Since 11 U.S.C. § 362(d) is phrased in the disjunctive, in order to obtain relief from the automatic stay, Movants need prevail on only one of the two alternative tests set forth therein. In Re: Development, Inc., 36 B.R. 998 (Bankr.Haw.1984); La Jolla Mortgage Fund v. Rancho El Cajon Associates, 18 B.R. 283 (Bankr.S.D.Cal. 1982).
Pursuant to 11 U.S.C. § 362(g), Movants have the burden of proof with respect to the issue of Debtor's equity in the property, while Debtor has the burden of proof on all other issues. In Re: Development, Inc., supra; In Re: Monroe Park, 17 B.R. 934 (D.C.Dela.1982).
In the instant case, Movants have failed to present any evidence concerning the value of the properties affected by the judgment lien. On the other hand, Debtor has shown through her schedules that, even with Movants' judgment established at $753,117.88, there is sufficient equity in the properties.

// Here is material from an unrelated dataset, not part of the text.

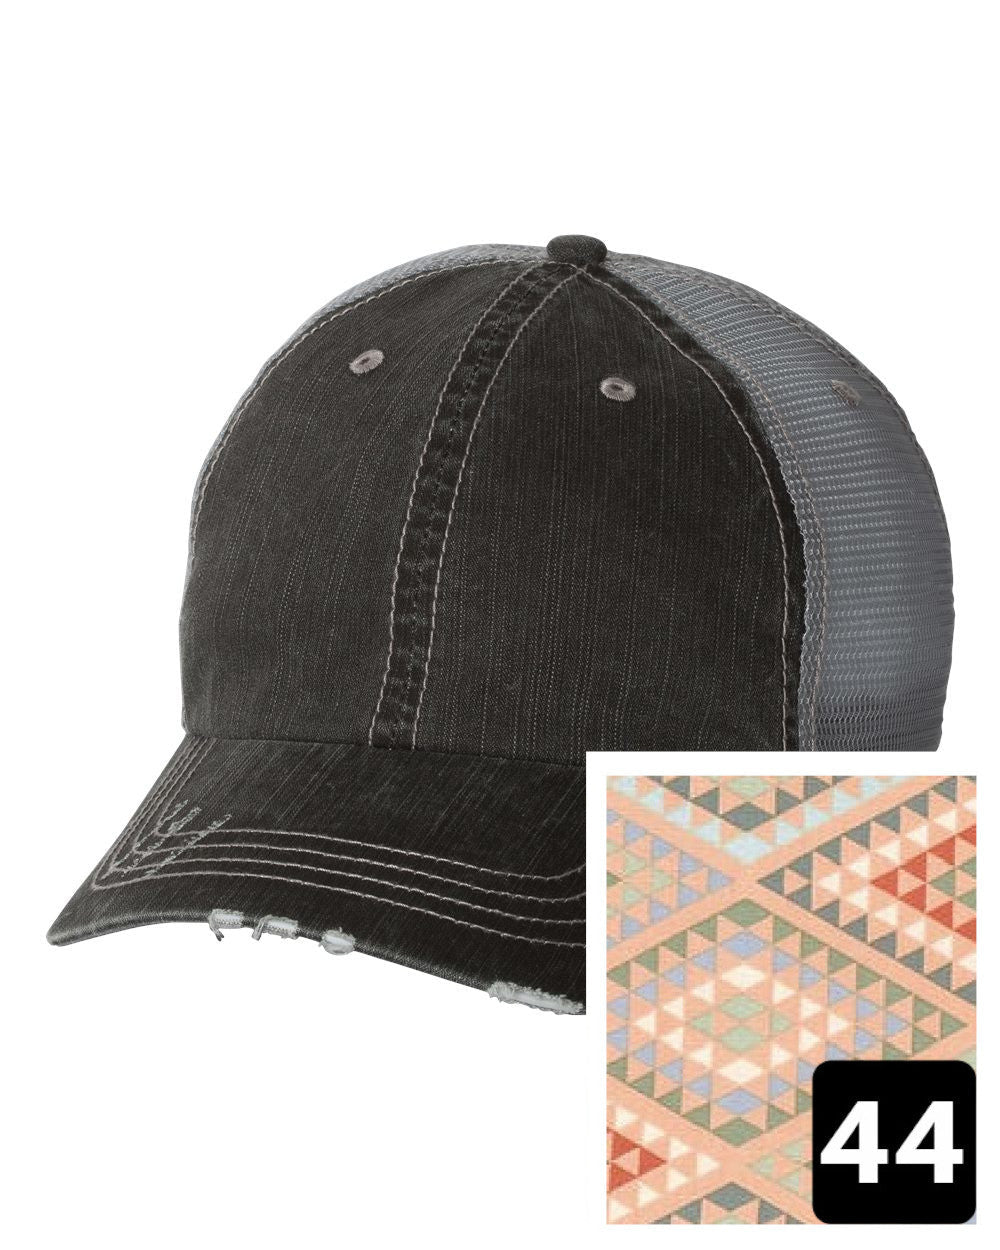 gray distressed trucker hat with navy coral and white chevron fabric state of New Hampshire

The Court finds that there is sufficient equity in the properties, and thus does not find it necessary to discuss the question of whether the properties are necessary for an effective reorganization.
3. Adequate Protection.
The real properties owned by Debtor have been appraised at $949,000.00. Even if Movants' judgment of $753,117.88 were affirmed on appeal, there is presently $195,000.00 in equity in Debtor's real properties. If we include Debtor's personal property, her assets total $1.3 million. The Court thus finds Movants are presently adequately protected.
*34 Based on the foregoing, the Court finds that Movants have not shown grounds sufficient to mandate a lifting of the automatic stay, however, debtor's continued protection through the automatic stay should be based on debtor's expeditious processing of her appeal and her submission of a proposed plan of reorganization by January 31, 1985.
An order will be signed upon presentment.